It is estimated that global agricultural freshwater pollution has overtaken freshwater pollution from settlements and industries. Agricultural pollution often includes large quantities of nitrate (from organic fertilizers), pesticides and other agrochemicals. Decreasing water quality in modern cities is caused by crop fertilization in city freshwater supply areas, which can be at great distances. But the quality of freshwater for a modern large city also has local dimensions. Like the presence or absence of a functioning sanitation infrastructure, raw sewage treatment plants, or a functional city waste disposal service. With or without such “local dimensions” will result in huge freshwater quality differences between city’s local freshwater supplies.
At it’s simplest, water scarcity is the gap between how much freshwater we use and how much is actually available. It happens when the natural freshwater supply in a region can no longer keep up with human demands. Contrary to common belief, you don’t have to live in a desert to experience freshwater scarcity. It occurs whenever a community extracts water from rivers, lakes, reservoirs or underground resources faster than rain or snow can refill them. For centuries now, we treated clean freshwater as an infinite resource, but that assumption no longer holds today.
In urban areas people use more freshwater compared to rural areas. Or, as the Social Health website states: “urban residents typically use more water per person than their rural counterparts”. Why? When you live in “the middle of nowhere” you have to walk several miles to obtain, and carry back home your daily supply of clean freshwater. You do that only once a day.
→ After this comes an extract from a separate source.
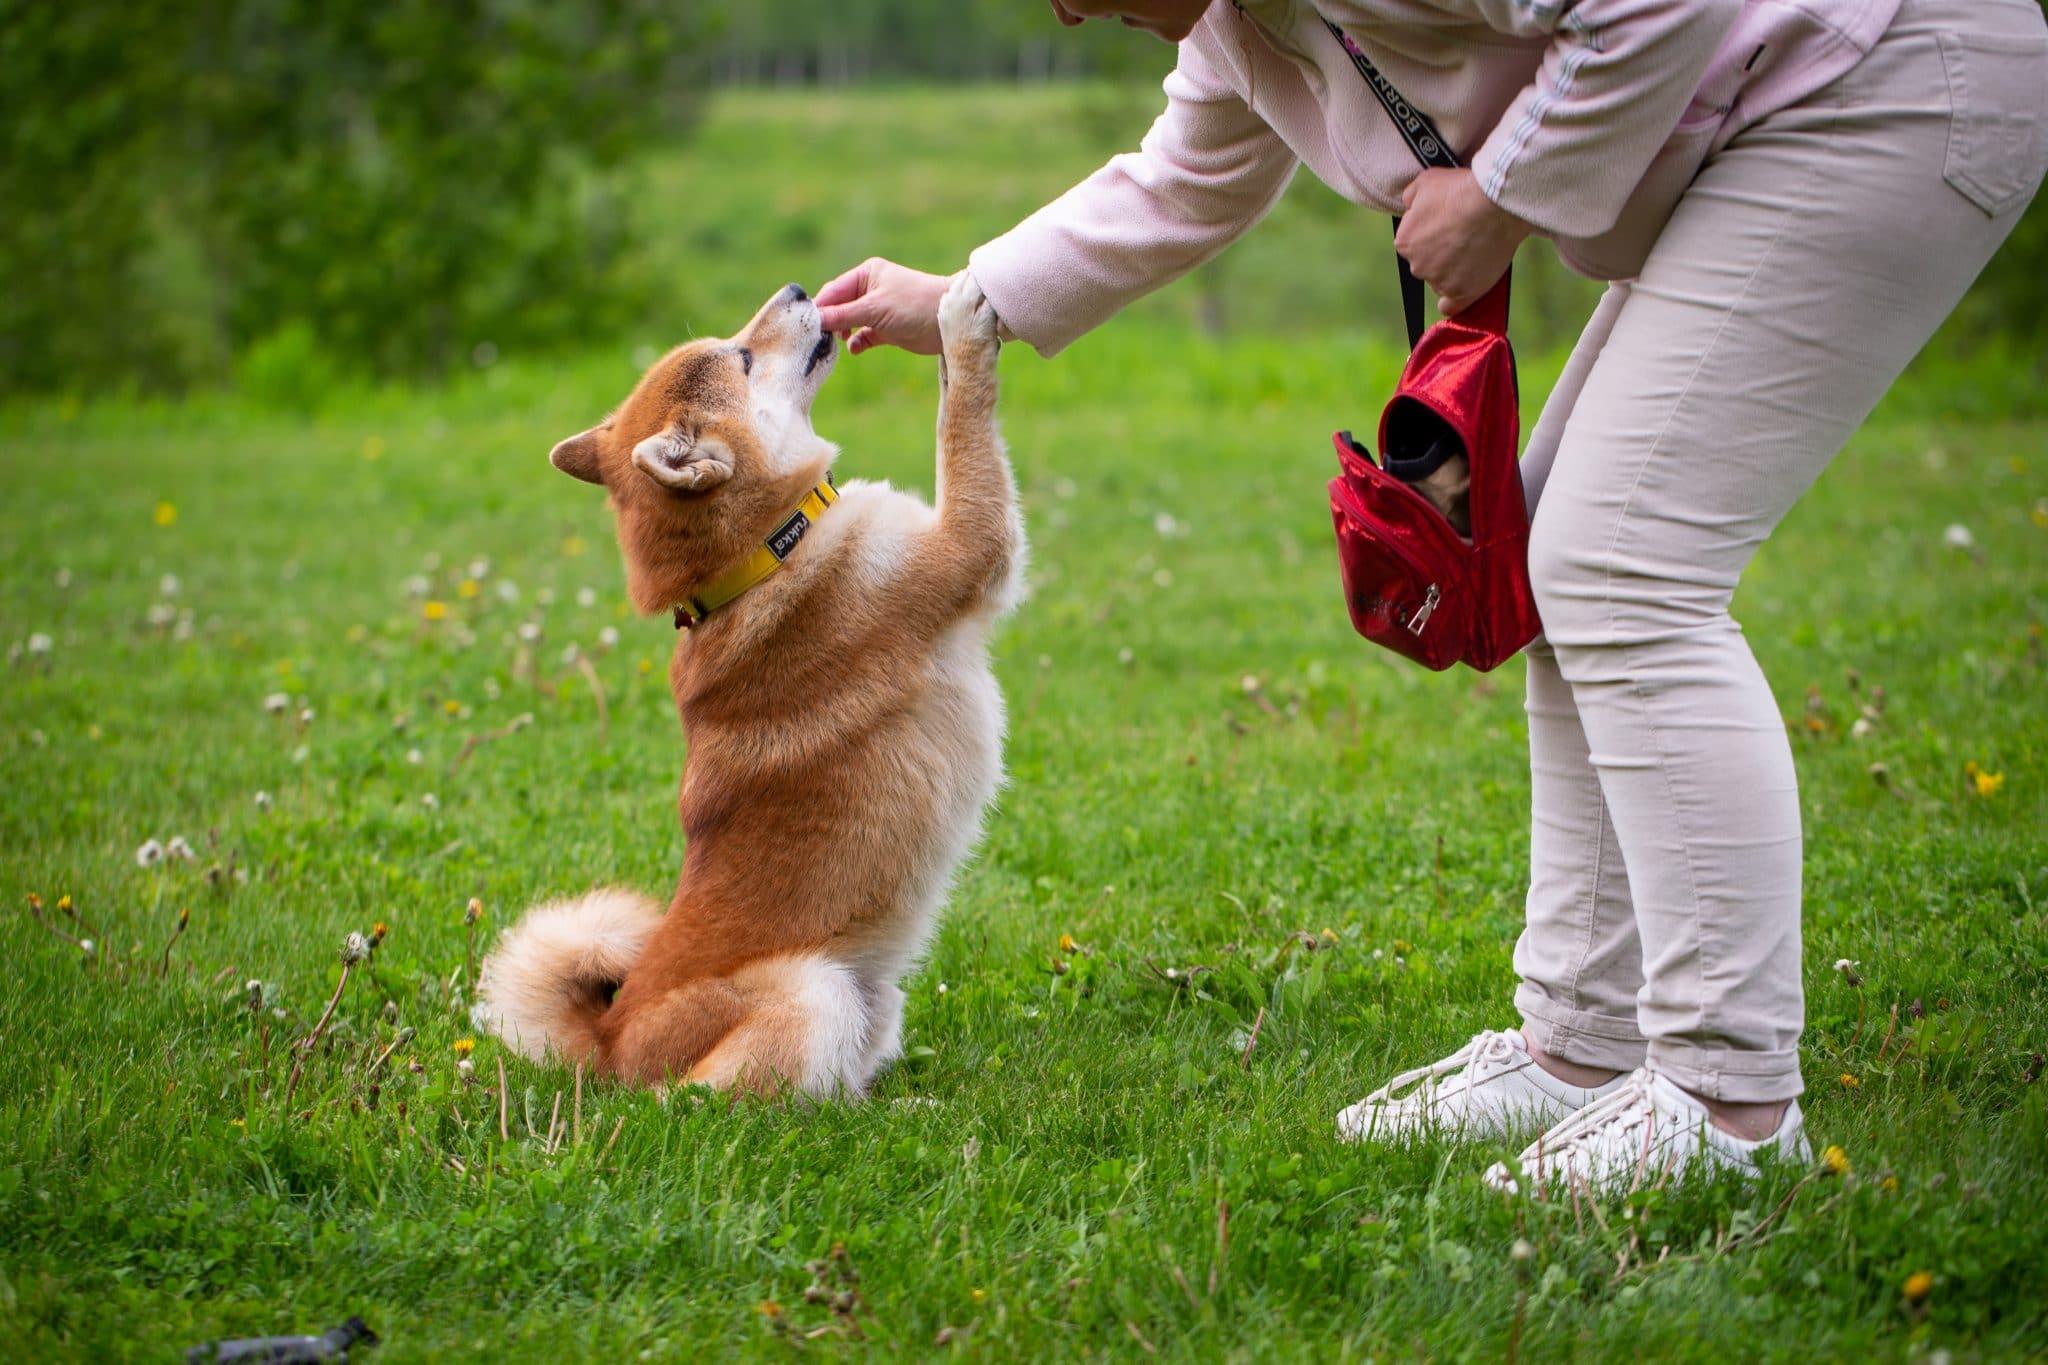 shiba inu training with treats

When you have only bottled water for household use (600 million households globally), you will only use what you have.
In a rural setting communities rely on smaller localized clean freshwater sources and residents are aware of their limited supply. So you keep that in mind when you take a shower. Urban residents have no idea where clean freshwater comes from other than: it runs from my tap. And taps are everywhere. Urban freshwater consumption spans domestic, commercial, industrial and public service needs. Urban freshwater infrastructure is designed to satisfy all demands you can think of. If you have the necessary money to pay for it. It also is a business model.
This is the research found suitable for this info page. The research results are short and quite stunning. The research made a distinction between water quality risk (is it clean?) and water scarcity risk (do we have enough?). The research is an evaluation of freshwater quality and scarcity risks in 304 large (population above 1 million) cities all over the world in 2015. Followed by a projection / estimation of the 2015 results in the nearby future unto 2050.
“Of the 304 cities evaluated 262 faced quality risk, among these 69 cities face very high quality risk. Decreasing freshwater quality is caused by population growth, increasing population density and crop fertilization in city water supply areas” “Of the 304 cities evaluated 85 face scarcity risk, among these 48 face very high scarcity risk. Increasing socio-economic development; visible in booming industrial, agricultural and domestic freshwater demand, is the main reason for increasing scarcity risk”. “Of the 304 cities evaluated 74 faced dual risks, meaning freshwater quality as well as scarcity risks. Of the 304 cities evaluated 7 were exposed to both very high quality risk and very high scarcity risk” (Scarcity and quality risk for future global urban water supply, Zhifeng et al.).
Along with the 2015 evaluation of the 304 large cites, 27 mega cities (population above 10 million) were also evaluated. “Of the 27 mega cities 23 face quality risk, 10 face scarcity risk. Among them 8 were exposed to both risks. 11 Mega cities including Sao Paulo (20 million), Mumbai (21 million) and Dhaka (36 million) face very high quality risk. 5 Mega cities including Delhi (34 million), Beijing (22 million), Los Angeles (13 million), Moscow (17 million) and Bangalore (14 million) face very high scarcity risk. Bangalore faces very high risk to both scarcity and quality” (Scarcity and quality risk for future global urban water supply, Zhifeng et al.).
Near future projections/estimations in this research are based on the “business as usual” scenario. This scenario is assuming that global population will grow and no changes in consuming patterns will occur. Instead of quoting the research results again, only the increasing number of cities “in trouble” will follow. From 2015-2050: 177-236 cities with increasing quality risk, 207-297 cities with increasing scarcity risk and 114-220 facing increasing risk to both water scarcity and quality. In short: the near future increase in the number of cities facing rising scarcity risk is quite remarkable. This remarkable future increase is also visible in the mega cities projection, the number of mega cities facing rising scarcity risk increasing from 10 in 2015, up to 19-27 in the period 2015-2050.
The world population number in 2015 amounted to 7,4 billion people. In 2015 just over half of the world population, 54%, lives in an urban environment. Amounting to 3,97 billion people living, working and having children in a small, large, big or mega city. In 2050 nearly 7 in 10 people will live, work and have children in a city. The estimated world population number in 2050 is 9,7 billion people. The percentage of the world population living in a city is estimated to increase to 68% in 2050. This will result in a global urban population estimated at 6,4 to 6,7 billion. Urban global population has grown from 751 million people in 1950 to approximately 6,5 billion in 2050.